Gestern bei der ersten Sitzung von CDU-Präsidium und Bundesvorstand nach der Sommerpause jedenfalls brach die Debatte über Merkelsche Führungskultur nicht auf. Die CDU-Granden konzentrierten sich ganz auf die Debatte über den Leitantrag zum Bundesparteitag: "Starkes Deutschland. Chancen für alle!". Außerdem hatte die CSU in Gestalt ihres Generalsekretärs Alexander Dobrindt genügend Zündstoff geliefert. Dobrindts erneute Offensive für einen Austritt Griechenlands aus der Euro-Zone stieß auch in der CDU auf wenig positive Resonanz. CDU-Generalsekretär Hermann Gröhe betonte, man wolle sich an Verabredungen halten. "Das gilt auch für uns." Also bitte keine neue Verunsicherung "durch markige Sprüche".

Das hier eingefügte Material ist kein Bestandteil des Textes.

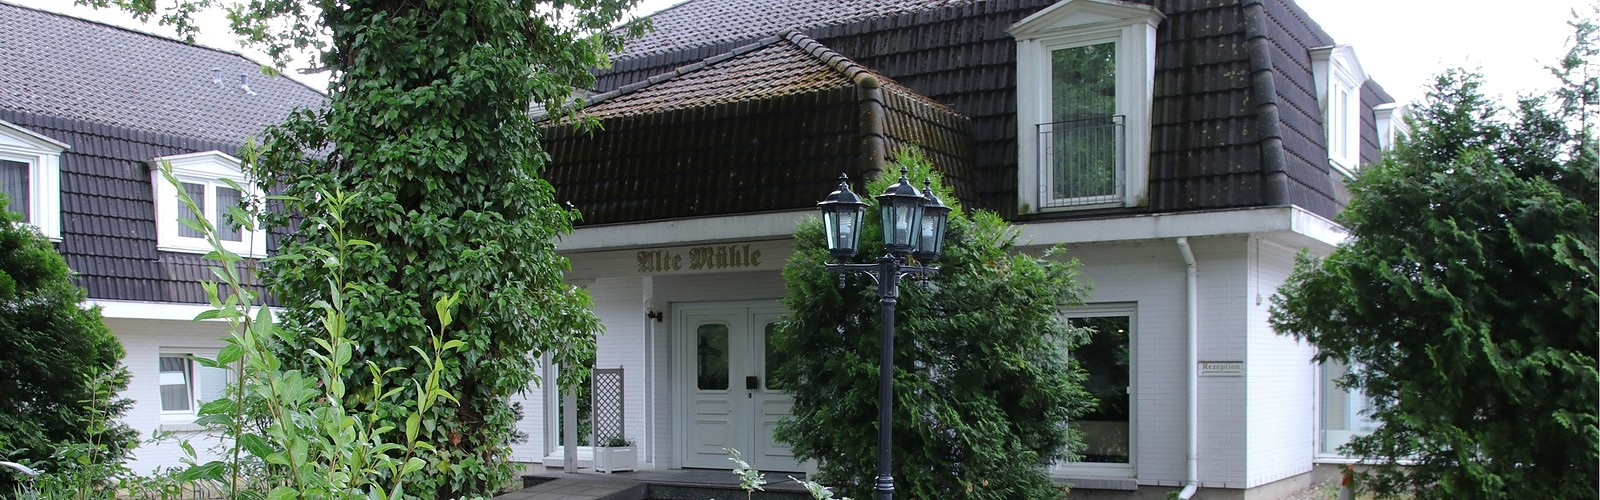 Hotel Alte Mühle, outdoor area, photo: Hotel Alte Mühle

Und die Debattenkultur in der Merkel-CDU? Gröhe sagt zur Kritik auch aus den eigenen Reihen über den Führungsstil der Parteichefin, selbstverständlich sei die CDU eine "lebendige Partei". Und: "Eine Volkspartei ist kein Geheimbund." Allerdings müssten "Führungspersonen", die mit Kritik an die Öffentlichkeit gingen, "nicht nur den Flügelsturm, sondern die Gesamtmannschaft im Blick haben".

Merkel hat ihr Machtwort in Sachen Griechenland schon gesprochen. "Jeder sollte seine Worte sehr wägen." Im Leitantrag für den Parteitag lässt die CDU-Vorsitzende weit in die Zukunft blicken. In einem Zeit, in der sie nicht mehr Bundeskanzlerin sein wird. Ins Jahr 2025. "Deutschland 2025 ist ein Land, das allen Menschen, die bei uns leben, eine gute Heimat ist. Kinder wachsen in einem Land auf, in dem Generationengerechtigkeit und Nachhaltigkeit eine große Rolle spielen", heißt es dort. Den Euro gibt es 2025 übrigens auch noch: "Mehr als jeder zweite Euro wird 2025 in besonders forschungsintensiven Branchen verdient."